Horoirangi Marine Reserve is located offshore of Glenduan.

==Demographics==
Glenduan locality covers 8.02 km2. It is part of the Nelson Rural statistical area.

Glenduan had a population of 474 in the 2023 New Zealand census, an increase of 15 people (3.3%) since the 2018 census, and an increase of 27 people (6.0%) since the 2013 census. There were 225 males, 249 females, and 3 people of other genders in 177 dwellings. 3.8% of people identified as LGBTIQ+. There were 69 people (14.6%) aged under 15 years, 63 (13.3%) aged 15 to 29, 237 (50.0%) aged 30 to 64, and 99 (20.9%) aged 65 or older.

People could identify as more than one ethnicity. The results were 95.6% European (Pākehā), 7.6% Māori, 0.6% Pasifika, 3.2% Asian, and 3.8% other, which includes people giving their ethnicity as "New Zealander". English was spoken by 99.4%, Māori by 1.9%, and other languages by 12.0%. No language could be spoken by 1.9% (e.g. too young to talk). New Zealand Sign Language was known by 2.5%. The percentage of people born overseas was 25.9, compared with 28.8% nationally.

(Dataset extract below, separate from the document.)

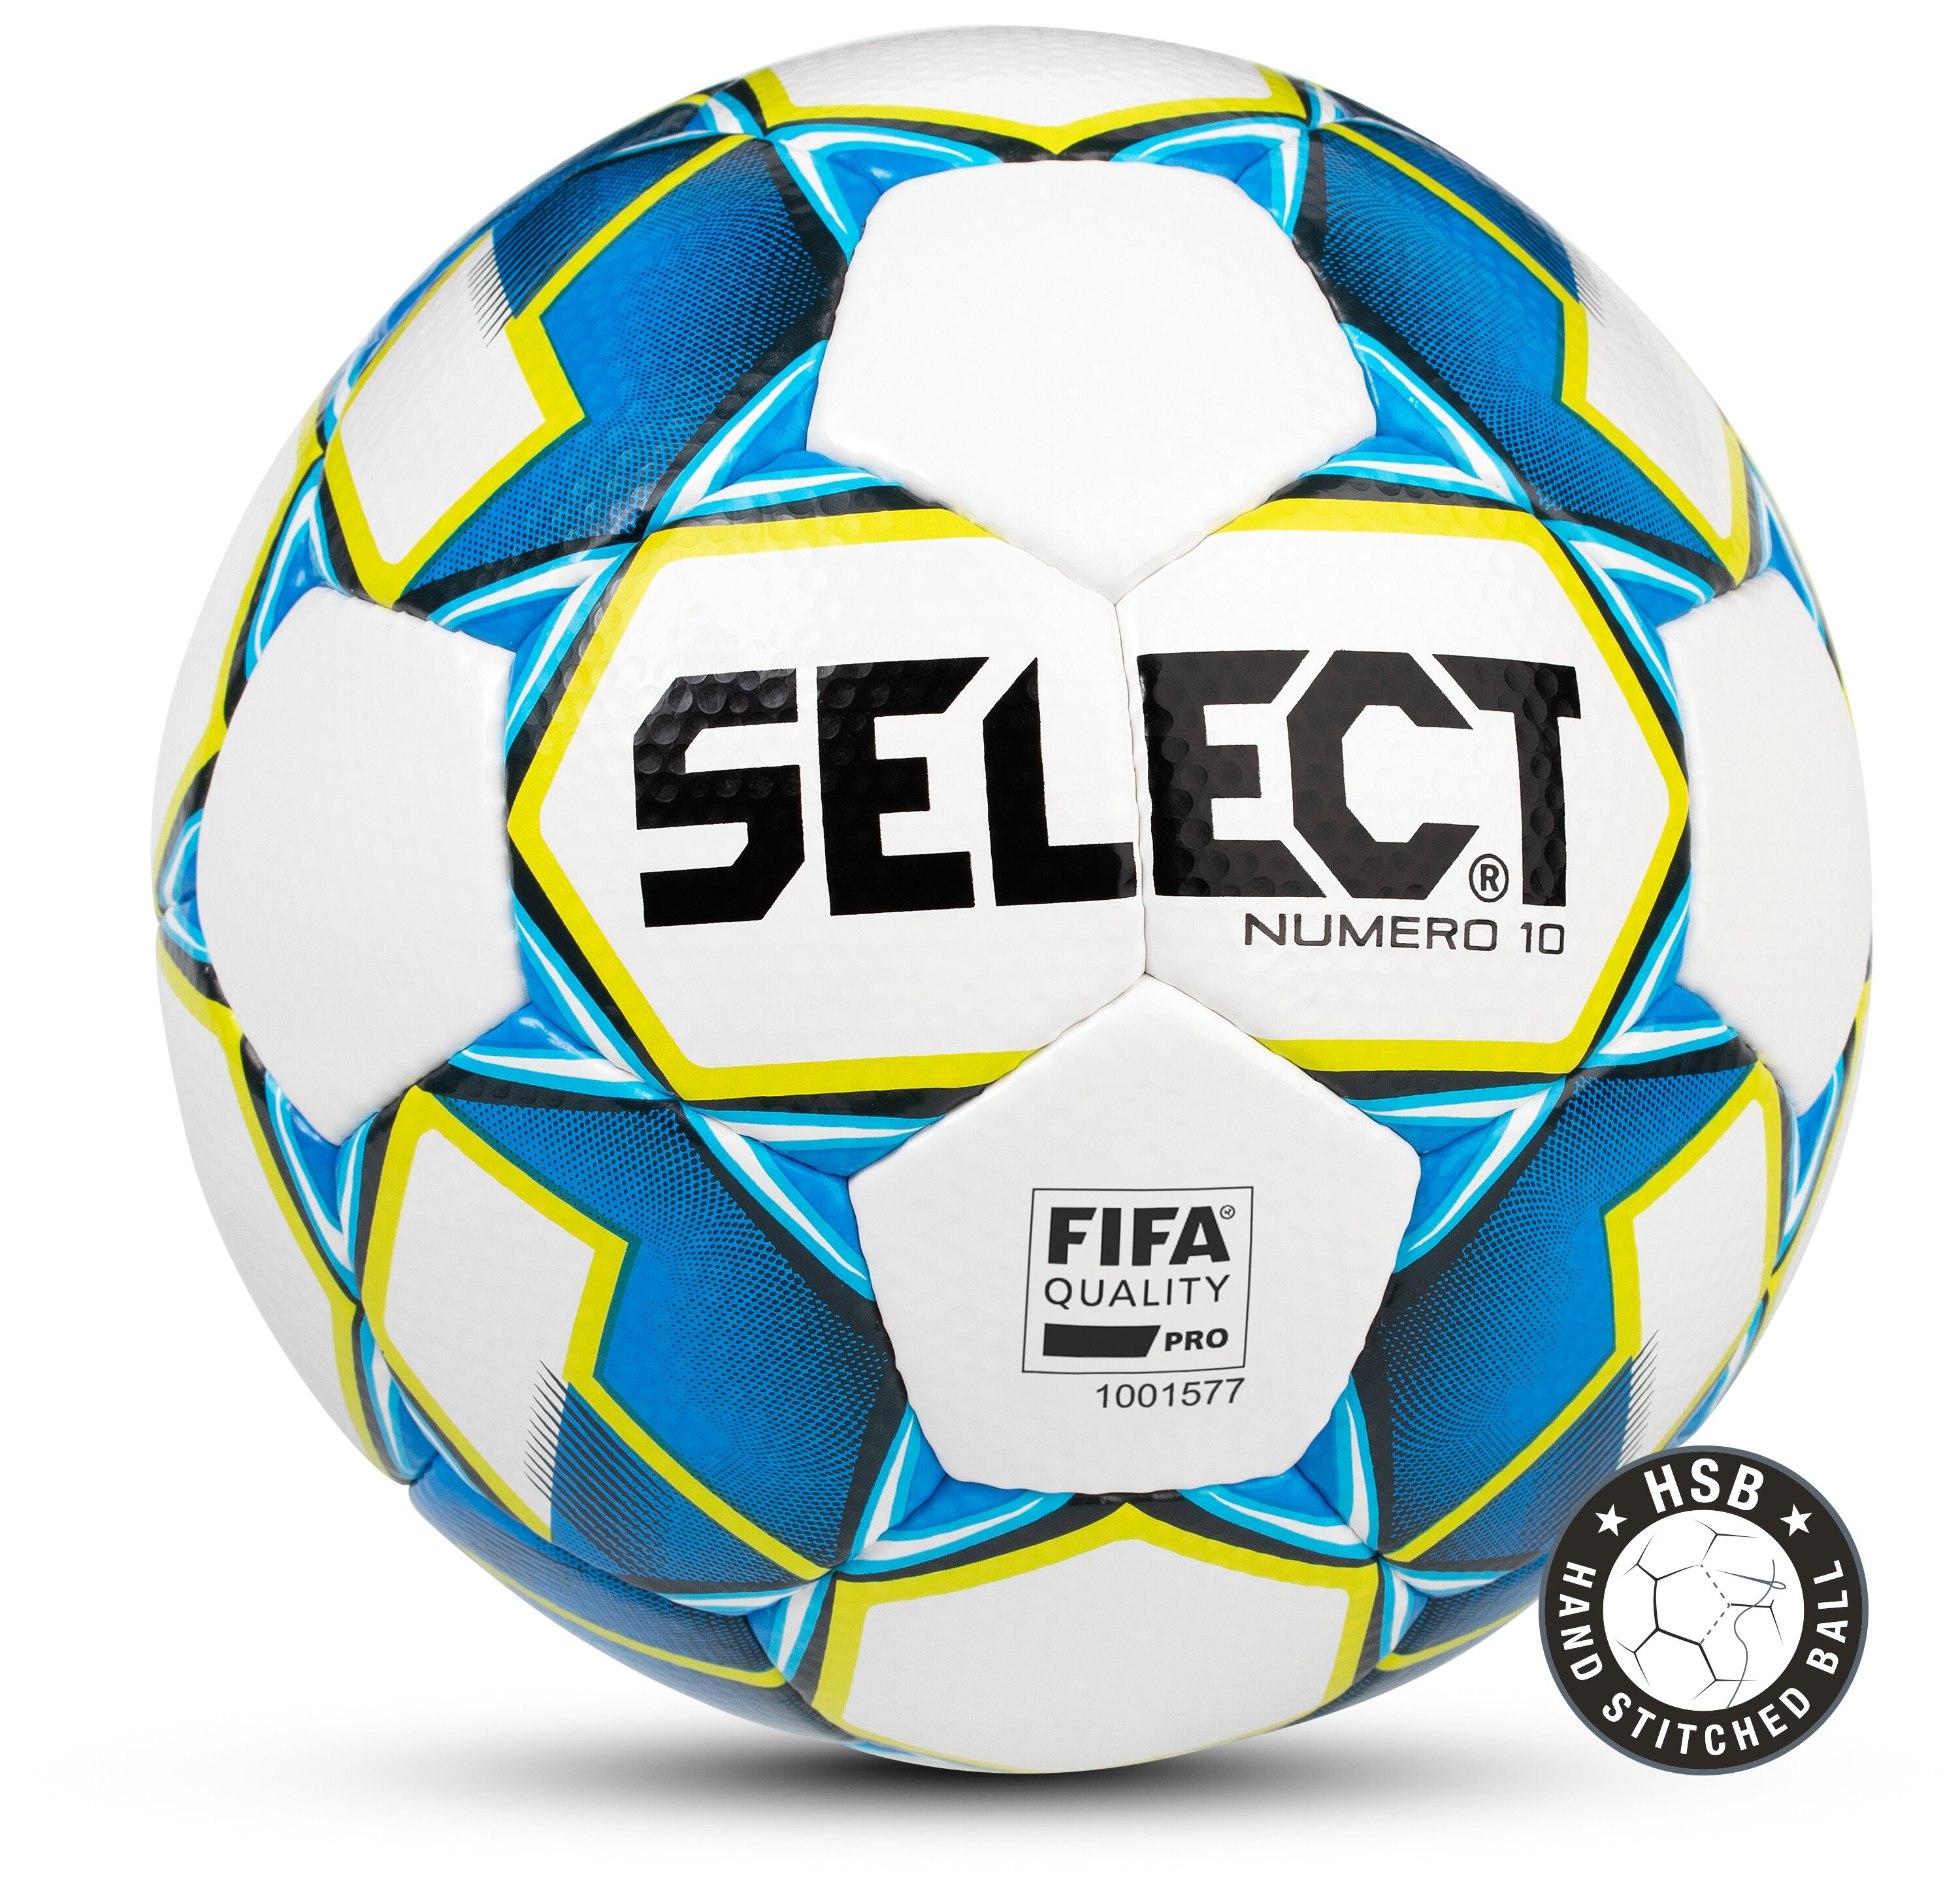 М'яч футбольний Select Numero 10 FIFA білo-синьо-салат

Religious affiliations were 23.4% Christian, 0.6% Hindu, 0.6% Māori religious beliefs, 0.6% New Age, and 1.9% other religions. People who answered that they had no religion were 60.8%, and 12.0% of people did not answer the census question.

Of those at least 15 years old, 135 (33.3%) people had a bachelor's or higher degree, 210 (51.9%) had a post-high school certificate or diploma, and 72 (17.8%) people exclusively held high school qualifications. 39 people (9.6%) earned over $100,000 compared to 12.1% nationally. The employment status of those at least 15 was 171 (42.2%) full-time, 81 (20.0%) part-time, and 12 (3.0%) unemployed.